1. You use "it sucks" in a sentence to describe any aspect of your situation.
2. You "drag your ass" to it.
3. Sunday night anxiety (dreading Monday.)
4. Dismal sales (yes, the universe speaks to us through cash flow.)
5. The bleak absence of synchronicity.
6. Not a whole lot of thanks coming your way.
7. Your mother is your best customer.
8. Seething resentment.

Another indicator that I use is to get in touch with that "pit-of-the-stomach" feeling. If it feels bad down there, then something's not right. You have a block that you've got to remove.

So what can you do?

In any situation that just isn't working, you always have three choices:

1. leave the situation alone but change your attitude to it. This suggests that you are blocking out the inherent benefits in the situation and you need to do some work on you, your attitudes, and your way of behaving.

2. change the situation. This works if you think the blocks are external to you, for example with other people's attitudes and behaviour. If you have great assertiveness, influencing and negotiating skills, this might be your best option. In reality, of course, the changes in the situation result in a change in your attitude to the situation, so we're really back to point one.

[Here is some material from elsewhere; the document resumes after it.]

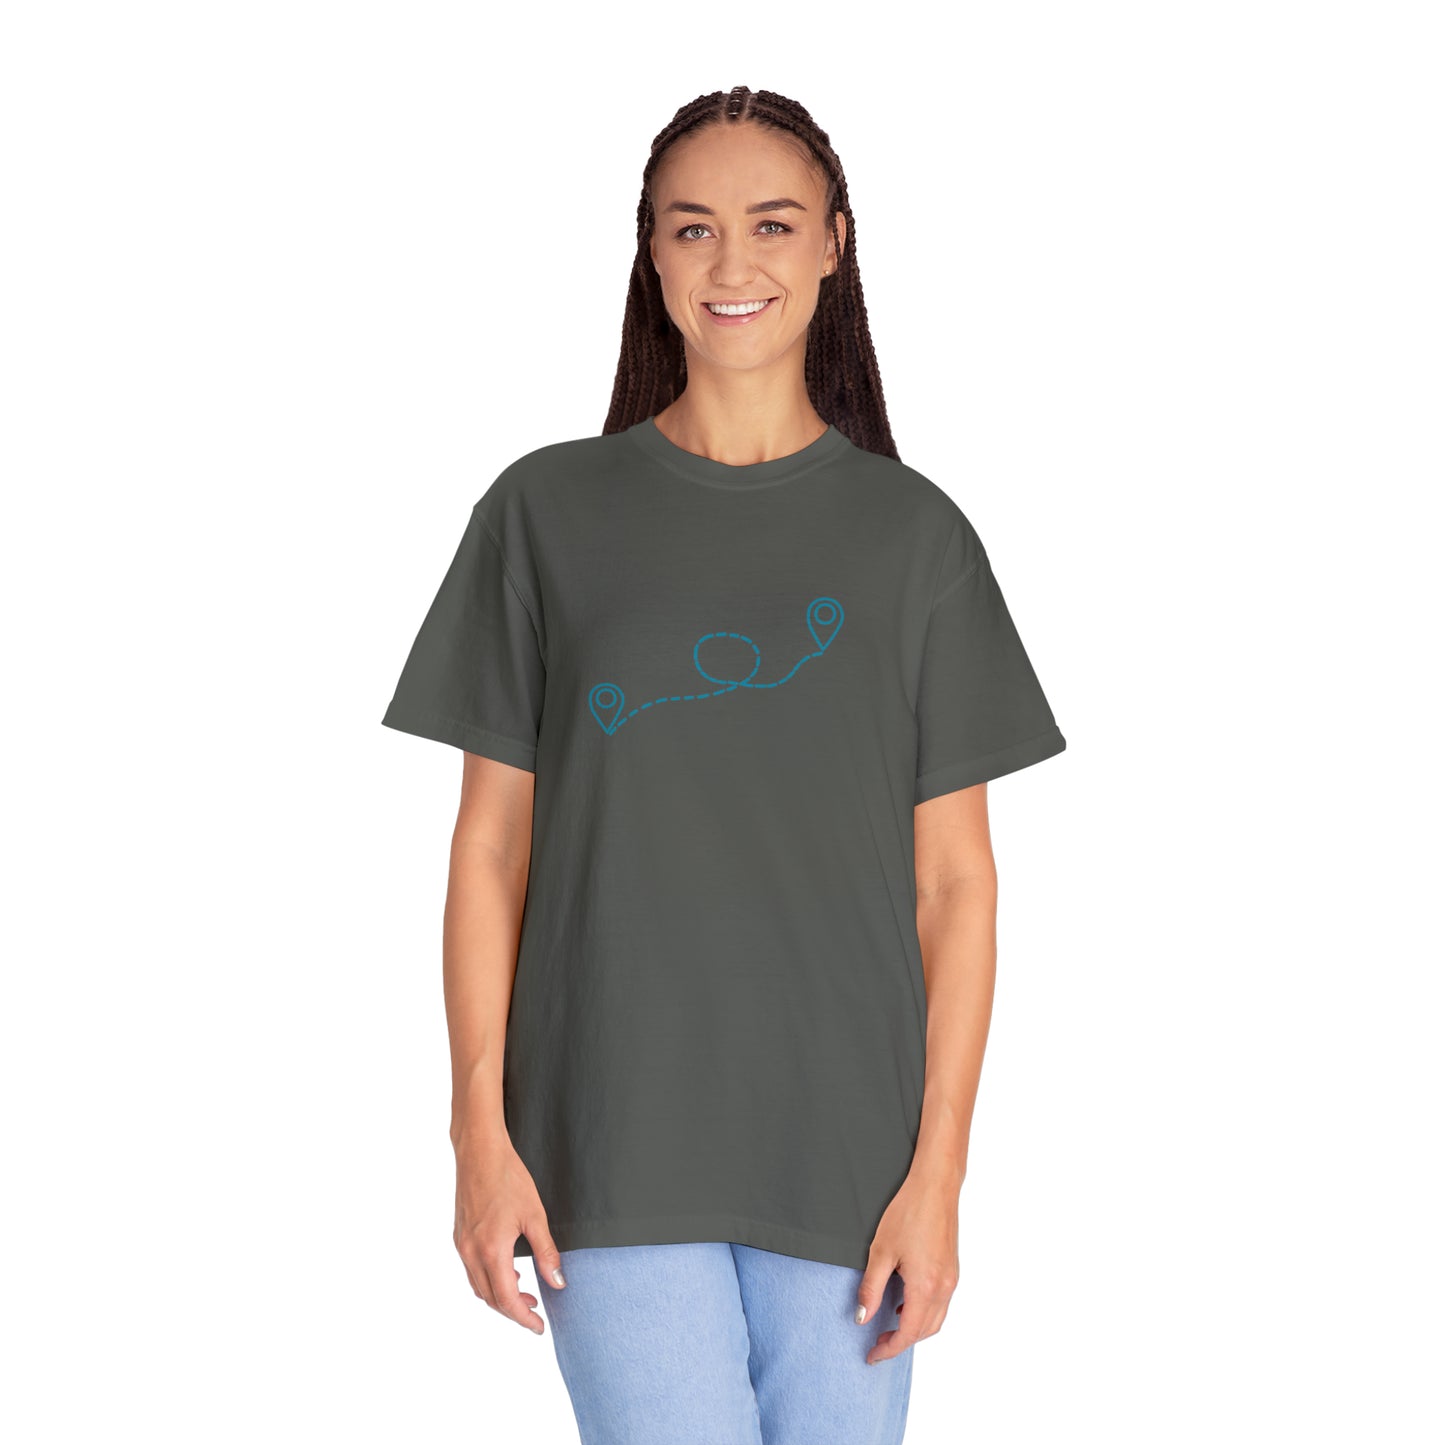 You'll Get There Eventually Location T-shirt

3. leave the situation. This is the route that many of us want to take but feel guilty about taking. It implies that the problem is all your own fault and that, somehow, you have failed. However, when routes 1 and 2 are not possible, this option is always better than doing nothing at all.

Danielle LaPorte says that when you've been through this list and know that you've got to leave a situation that's not working, you shouldn't worry about how you're going to manage the next steps. Once the decision is taken, you'll probably feel a sense of elation. You now have a new vantage point on where to go next.

Letting go of a bad situation gracefully and moving on without regret is the sign of a winner, not a loser. As Danielle, says, look forward, don't look back. Just turn the lights off when you leave and announce your new destination.

Sunday, 10 May 2009

"Don't Take My Word For It"

If you're a trainer like me, how often do you take a reality check on the theories you present to your trainees?

Some years ago, I read the case of George Turklebaum, a New York print worker who had died at his desk in Manhattan and because of his normal work habit of arriving early and leaving late, none of his colleagues had noticed for 5 days. Since George also lived alone, nobody else had noticed or reported his disappearance from home.

I remember using the story of George Turklebaum in my regular newsletter as evidence of the growing lack of humanity in our workplaces.

Needless to say, I was fairly red-faced when the emails started pouring in to tell me that the story of George Turklebaum was nothing but an urban myth, totally untrue in fact if true in other respects.

That's why I now run reality checks before every course I give just in case there are similar stories lurking there that I have come to accept as true.

Here are 3 that I now think twice about before using them.

1. The Communications Myth

This is ascribed to communications expert George Mehrabian who said that 7% of our communication comes from our words, 38% from how we say it, and 55% from our body language when we say it. I now have some concerns over the figures even if I accept the premise.

2. The Presentations Myth

This one comes from the Sunday Times Book of Lists and suggests that the greatest fear that people have is standing up to speak in front of an audience. It even outranks the fear of flying and the fear of death. Since only a tiny proportion of us ever have to give a presentation, while all of us face death, and many of us take air flights, this one just has to be an exaggeration.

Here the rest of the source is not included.